The basis used to calculate the “current value of all investments” in the PAI indicators applicable to investments in investee companies should be consistent with the definition of the “investee company’s enterprise value” as defined in point (4) of Annex I of the Delegated Regulation, whereby ‘enterprise value’ means the sum, at fiscal year-end, of the market capitalisation of ordinary shares, the market capitalisation of preferred shares, and the book value of total debt and non-controlling interests, without the deduction of cash or cash equivalents.
All investments” as a concept is used in both the PAI disclosures in Annex I of the Delegated Regulation and in the calculation of Taxonomy-alignment referred to in Article 17 of the Delegated Regulation.
For the purpose of calculating the PAI indicators in Annex I, especially the indicators for the carbon footprint (indicator 2 table 1), the GHG intensity of investee companies (indicator 3 table 1) and the GHG intensity of sovereigns (indicator 15 table 1), “all investments” should be understood to mean both direct and indirect investments funding investee companies or sovereigns through funds, funds of funds, bonds, equity instruments, derivative instruments, loans, deposits and cash or any other securities or financial contracts.
Asset managers: For AIFM, managers of venture capital funds, managers of social entrepreneurship funds, management companies of UCITS, “all investments” should be considered the same as that Section 1.2 of Annex III of Regulation (EU) 2021/2178, i.e. all Assets under Management resulting from both collective and individual portfolio management activities;
Insurers: “All investments” should include the following aggregates from the prudential balance sheet as defined in the Commission implementing regulation 2015/2452: holdings in related undertakings, equities, bonds, collective investment undertakings, derivatives, deposits other than cash equivalents, other investments, assets held for index-linked and unit-linked contracts, loans and mortgages and deposits to cedants and cash and equivalents;
IORPs: For IORPs all investment should include the following lines from the balance sheet (PF.02.01.24) as laid down in the decision from the Board of Supervisors of EIOPA on EIOPA’s regular information requests towards NCAs regarding provision of occupational pensions information (EIOPA-BoS/20-362): property, equities, bonds, investment funds/ shares, derivatives, other investments, loans and mortgage, cash and cash equivalents; and
Banks or investment firms providing portfolio management or investment advice services: “All Investments” should include all the securities and financial contracts (which should be considered to include cash and cash equivalents) held by credit institutions and investment firms as part of the mandates given by their clients as referred to in article 4 (1) point 8 of Directive 2014/65/EU.

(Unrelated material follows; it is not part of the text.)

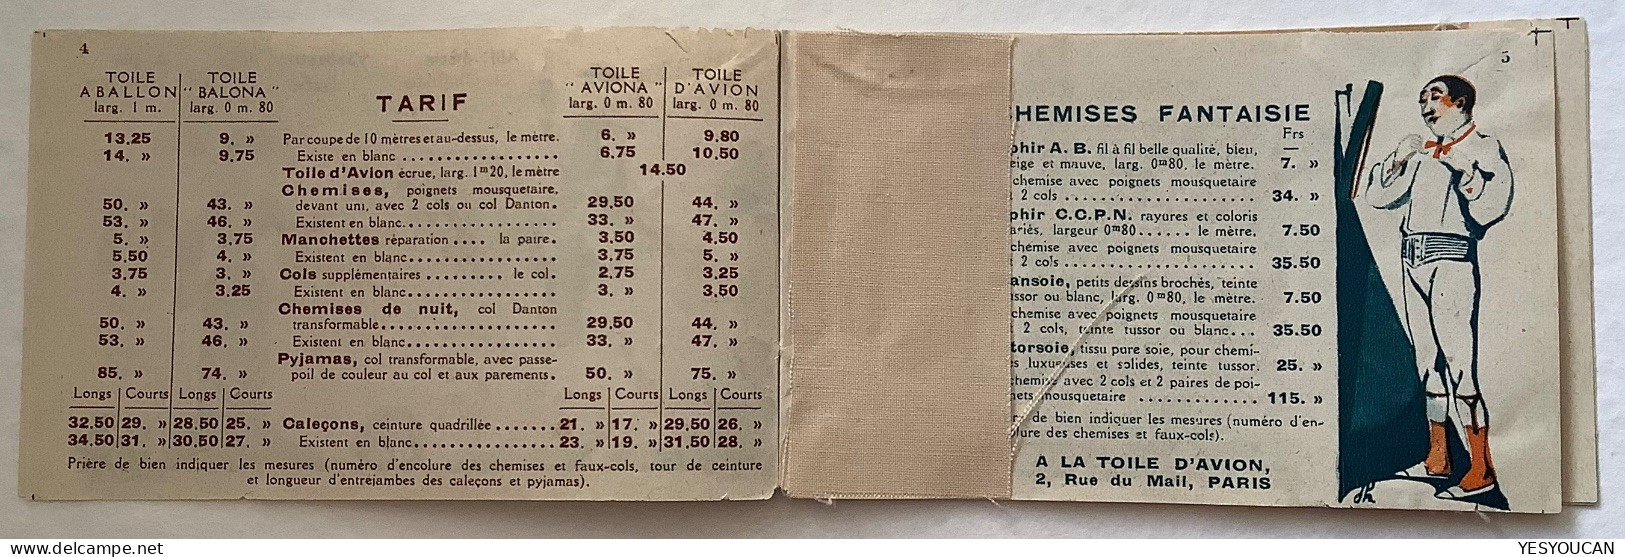 1929 #257 50c Jeanne d‘ Arc carnet histoire de la chemise, fromage vache qui rit, vin (France MH booklet shirt textile

In order to disclose “investments of the financial product in environmentally sustainable economic activities”, Article 17(1) of the Delegated Regulation sets out a closed list of investments that are “investments of the financial product in environmentally sustainable economic activities”. Article 17 does not set any limitation to the definition of “all investments of the financial products” in the denominator which therefore includes all types of securities or financial contracts. Finally, Article 17 of the Delegated Regulation explicitly highlights that the investments in the numerator and denominator should be valued at market value. This is not the same as the “net asset value” of a financial product. While the net asset value would be netted by the financial product’s liabilities, the market value of all investment is the sum of all assets held by the financial product. Using the net asset value would lead to a higher share of Taxonomy-aligned investments than using the sum of all investments and could theoretically even lead to a share higher than 100% if all assets are Taxonomy-aligned and the liabilities would be deducted in the denominator.
The rules do not specify separately any particular instruction for the disclosure of short positions with regard to the principal adverse impact disclosures in Annex I of the Delegated Regulation. The ESAs are of the view that publishing short positions separately from the main calculation would not help the comprehensibility of the PAI disclosures. The calculations for short positions should apply the methodology used to calculate net short positions laid down in Article 3(4) and (5) of Regulation (EU) No 236/2012 of the European Parliament and of the Council. The principal adverse impacts of long and short positions should also be netted accordingly at the level of the individual counterpart (investee undertaking, sovereign, supranational, real estate asset), but without going below zero.